Первым чувством, перебив засевшую где-то глубоко внутри растерянность, было что-то, подозрительно похожее на восхищение. Нет, ну в самом деле – настоящая кошка. Сильная, живучая, цепкая, способная выскользнуть из самой, казалось бы, безвыходной ситуации. Даже сейчас, больная, до невозможности бледная, казавшаяся совсем худенькой на фоне больничной кровати, опутанная проводками капельниц, она не производила впечатления несчастной жертвы.
– Зотов?..
Голос пугающе-тихий, еще более хриплый, чем обычно, а вот глаза… Темные, теперь почти бездонно-черные, они пылали каким-то удивительным жизненным светом, выжигающим изнутри малейшие остатки хоть какого-нибудь понимания.
Зачем ты пришел?
Хотел бы он сам это знать!
– Здравствуйте, Ирина Сергеевна. – Привычно приклеенная к губам приглушенная ухмылка, не выражающий никаких эмоций мне-абсолютно-на-вас-наплевать стеклянно-непроницаемый взгляд, связка глянцевито-желтых бананов на тумбочку.
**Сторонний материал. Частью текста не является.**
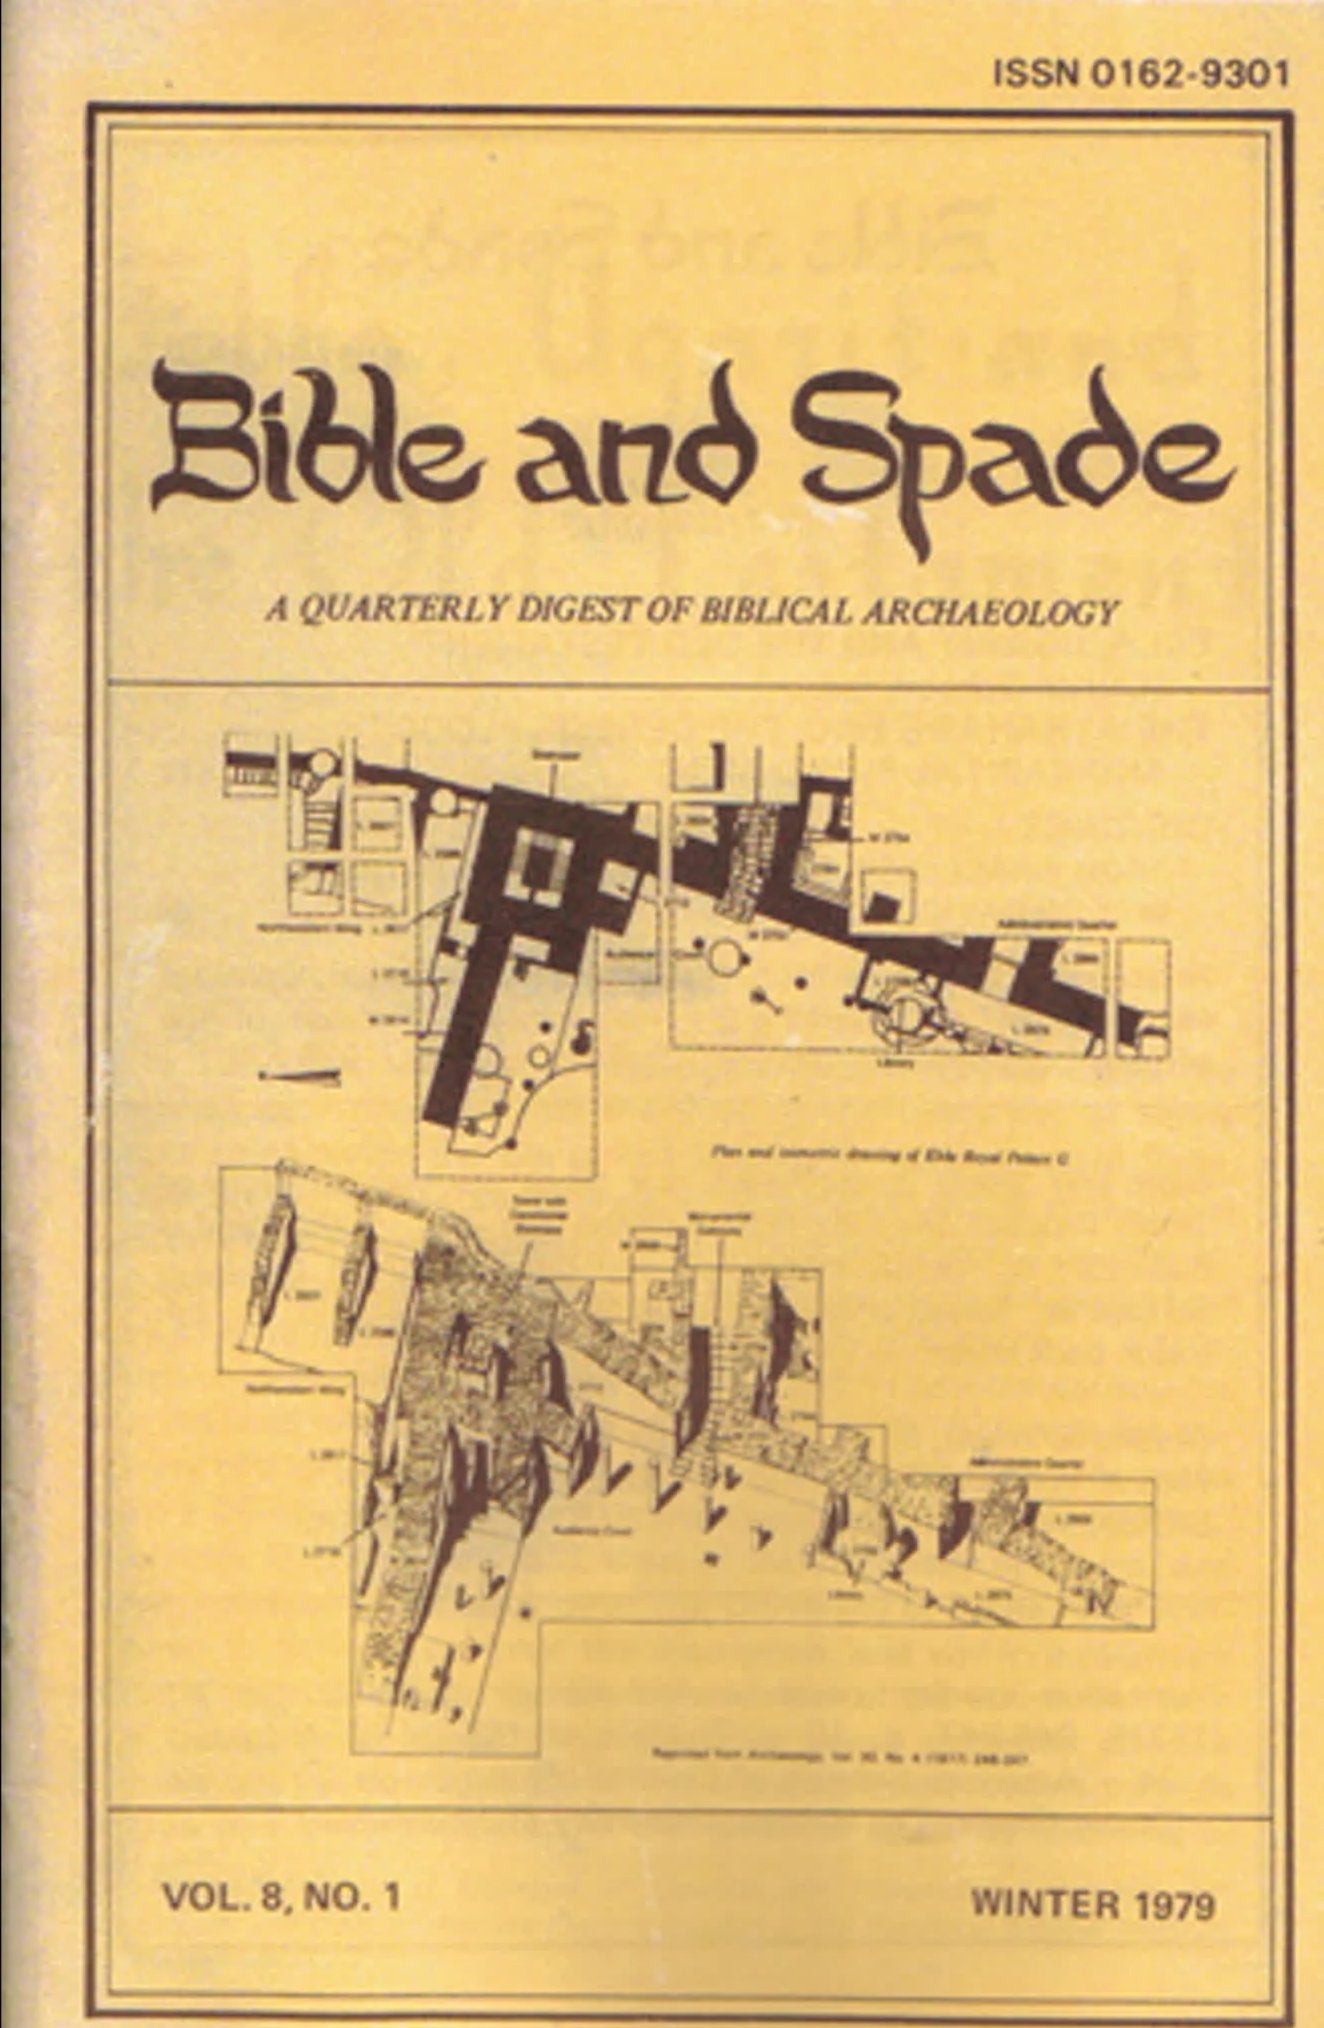 Issues of BIBLE and SPADE produced in 1979
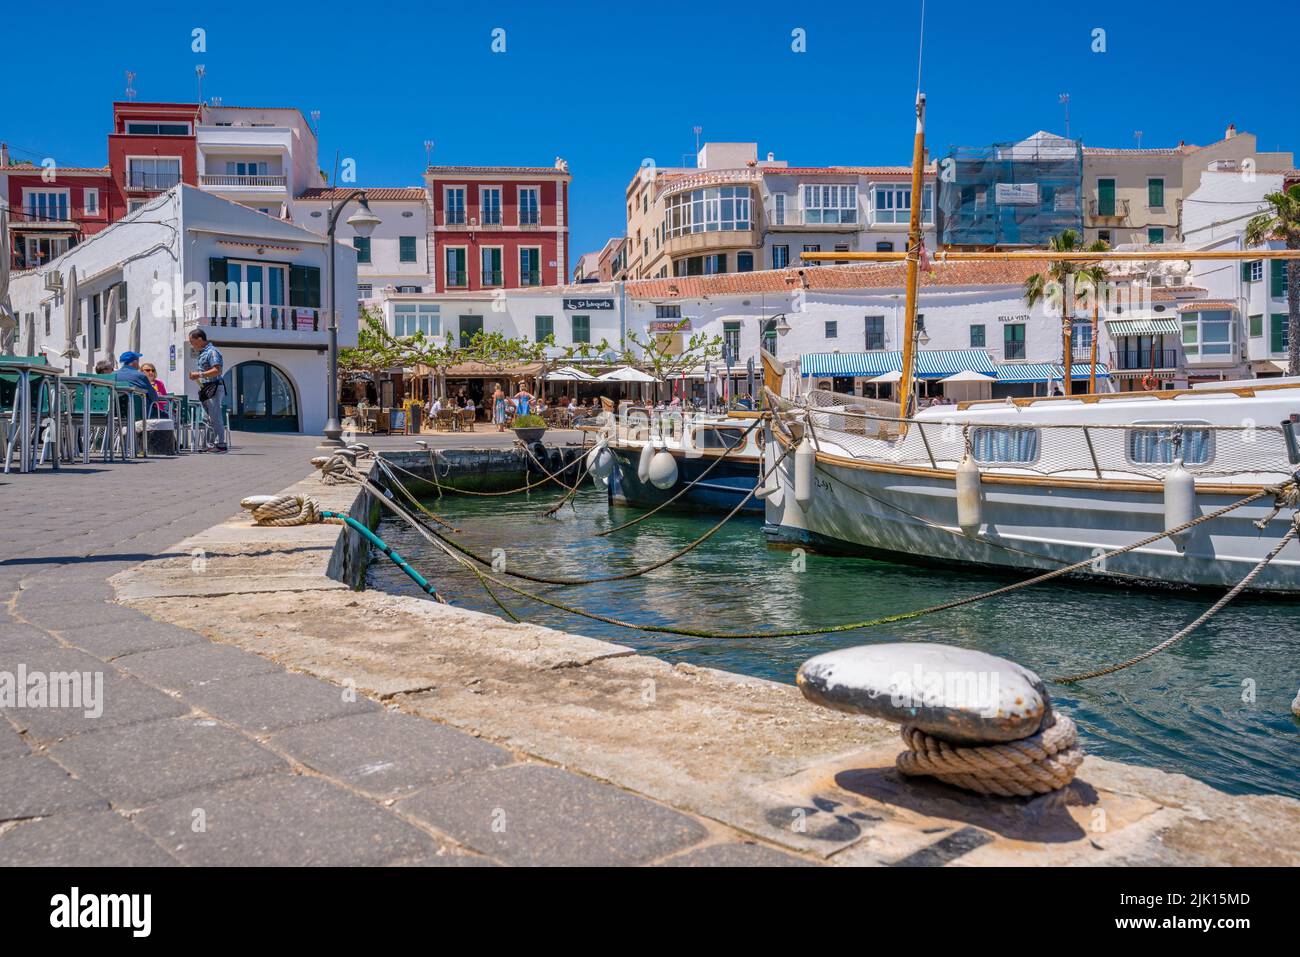 View of colourful cafes, restaurants and boats in harbour against blue sky, Cales Fonts, Menorca, Balearic Islands, Spain, Mediterranean, Europe Stock Photo

Охуеть как романтично, правда ведь?
– Ну садись, что ли. – Насмешливый взгляд, изучающе скользящий по высокой, излучающей еле заметную неловкость фигуре. Едва уловимо приподнятые уголки губ и мягко-ироничное прибавление, заставившее вздрогнуть: – Спаситель.
Простокакогоблинхрена…
Черт, его ведь это и правда смутило. Кому пришло в голову проболтаться о всех подробностях, а главное – зачем? Вот уж кем-кем, а благородным рыцарем чувствовать себя он хотел меньше всего.
– Странный ты человек, Зотов, – бескровные губы чуть дрогнули в бледной улыбке. – Не стесняешься строить из себя подонка, но стесняешься хороших поступков.
Молчание повисло тяжелым сгустком напряжения, стискивая легкие. Зиминой еще трудно было говорить, и, чтобы услышать обволакивающий хрипловатой негромкостью голос, Зотову пришлось наклониться почти к самому ее лицу. И теперь приходилось выдерживать спокойно-пристальный, ввинчивающийся куда-то в переносицу взгляд.
– Дай мне руку.
Остро прорезавшее наигранную невозмутимость смятение и теплые пальцы, послушно опустившиеся на холодную ладонь.
– Зотов… Миша, – полоснувшее невозможностью почти-мягкое обращение и все тот же неотступный, не позволяющий отвести глаза взгляд, от которого все внутри скручивалось в ледяную пружину. – Сейчас, в эту минуту, я хочу забыть, кто ты и все, что… впрочем, неважно… забыть и… просто, искренне сказать тебе… Спасибо.
Спасибо.
И что-то остановилось. Тесный мир больничной палаты? Торопливо бегущее время? Его лихорадочно колотящееся сердце? А может быть, он сам?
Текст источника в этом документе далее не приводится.